Inicio aqui uma rubrica que dedicarei regularmente a temas diversos, dentro do espírito da Declaração de Princípios e Objectivos do MIL. Por Trans-Pátria entendo o movimento da Pátria, no meu caso a portuguesa, em direcção ao universo e ao universal, aquilo que a cumpre no rumo da própria transcensão a que aponta, bem como, num outro mas complementar sentido, o seu movimento do real para o ideal, enquanto actualização das suas mais fundas virtualidades.
Republico, modificado e acrescentado, um texto anterior, que teve uma fortuna polémica. Caso o queiram debater, a partir da sua compreensão, estou disponível.

Por um patriotismo trans-patriótico e universalista
Oito considerações para uma fundamentação do MIL


1. A milenar tradição da introspecção meditativa e os progressos contemporâneos da microfísica e das neurociências (que hoje se juntam numa convergência histórica, como nas experiências realizadas no MIT, em Massachusetts, e nos encontros Mind and Life, o último dos quais de 6 a 12 de Junho deste ano, em Nova Iorque) parecem indicar não ser possível encontrar, quer na constituição da chamada matéria, quer na da chamada mente, ou seja, nisso cujo conjunto designamos por realidade, uma mínima entidade que exista em si e por si e que permaneça idêntica a si mesma, ou seja, que tenha características próprias.

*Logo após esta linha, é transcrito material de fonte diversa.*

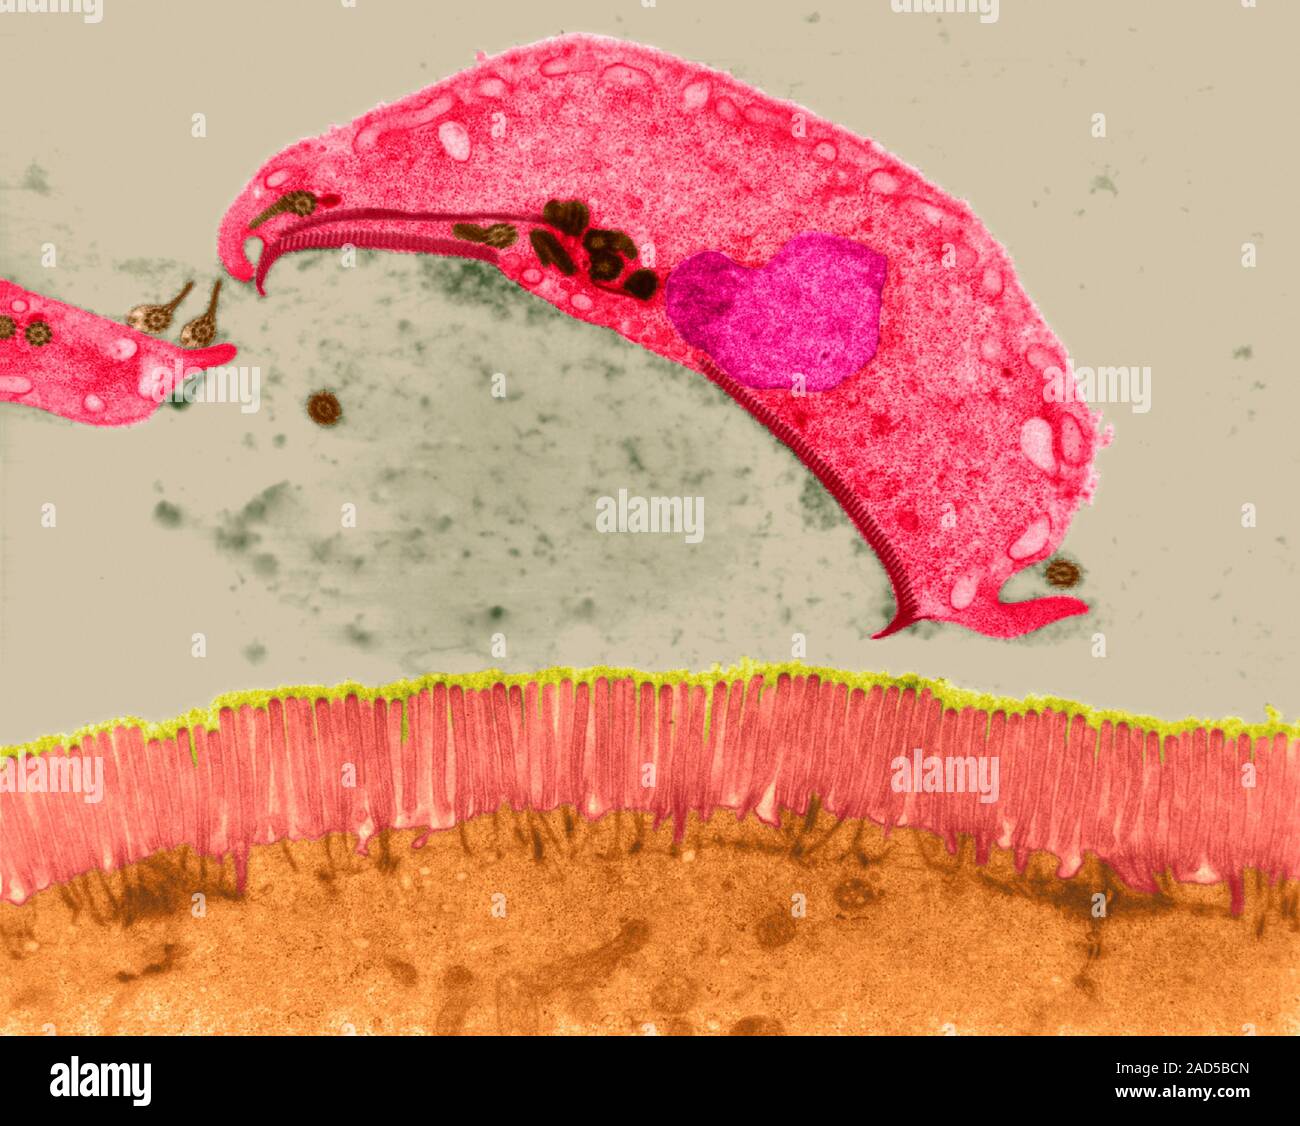 Infezione da protozoi (giardiasi) umani nel lume intestinale (Giardia sp.),  colorata micrografia elettronica a trasmissione (TEM). Giardia lamblia, un  uomo pa Foto stock - Alamy

Todas as dimensões da chamada realidade parecem obedecer assim a duas leis fundamentais, a de interdependência e a de impermanência, que se resumem na sua ausência de características ou qualidades intrínsecas. Como se pode constatar na mínima experiência perceptiva e como a observação científica confirma, sujeito e objecto constituem-se mutuamente e interagem num dinamismo e numa metamorfose constantes, como meros fenómenos recíprocos, sem essência própria. O conceito de identidade parece ser assim uma abstracção desadequada para expressar o real, sem outro fundamento senão o de ser uma ficção convencional e funcional, que serve o reproduzir de uma tradição fortemente entranhada nos hábitos culturais, psicológicos e sociais do senso comum humano.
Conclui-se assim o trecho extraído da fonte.